Когда он уже отошел несколько шагов, Клавдия его окликнула.
– Послушайте!
– Что прикажете?
– Вы какие романы читали? Вы много читали? Вы о чувствах начали. Что вы о любви думаете вообще?
– Я о любви много думал и думаю. И я вам непременно расскажу все, что думаю. А романов я не читал, или очень мало читал. Мне не особенно нравятся. В жизни все гораздо проще и милее.
– Вы, пожалуй, и стихов не читали?
– Я и стихи не люблю, право. Ну, что они! Ненатурально. До свидания, Клавдия Ивановна. – Он ушел.

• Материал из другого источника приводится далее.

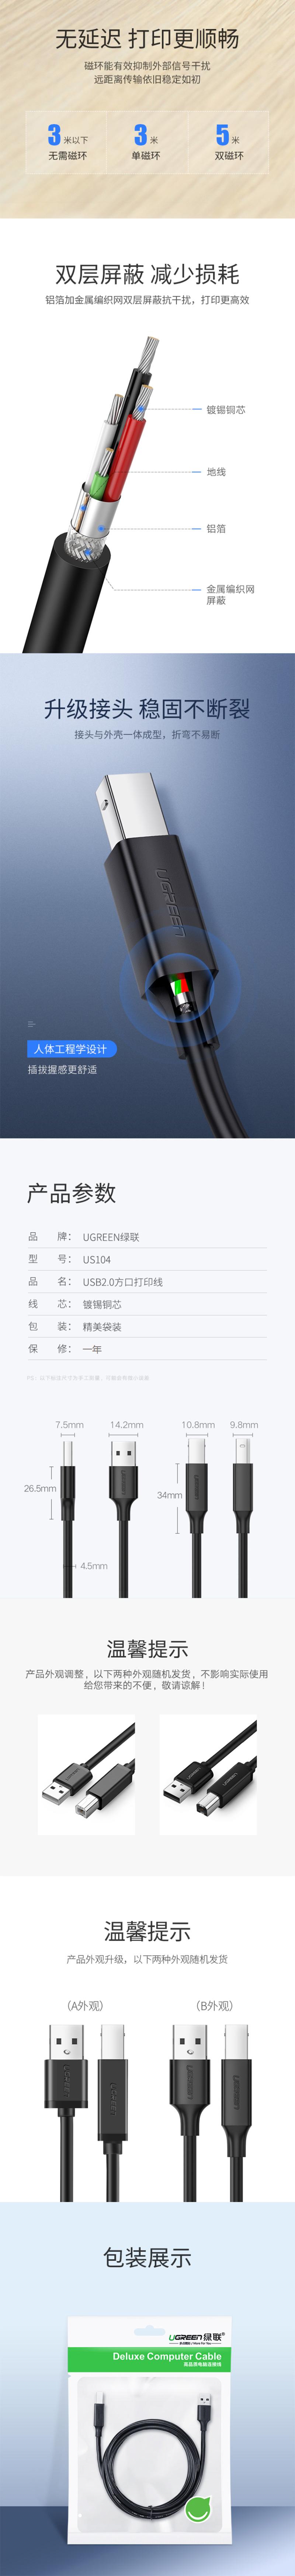 绿联10329 黑色USB2.0 1口集线器 详情页

Клавдия посидела-посидела и тоже медленно поплелась к дому. Она себя не узнавала. Не сентиментальничала и не злилась на офицера ни капельки. Какое-то доброе чувство было в ней. Вот, узнал же человек, что она не такая, какою ее считают. Говорил по душе. И еще будет говорить. Славный какой! С Любой вот не говорит двух слов, сидит красный да молчит. Боится ее. Даром что беленькая да розовенькая, не в этом, видно, дело. И какую он все правду говорил. Именно так все. С ним сама лучше сделаешься. Только неужели он?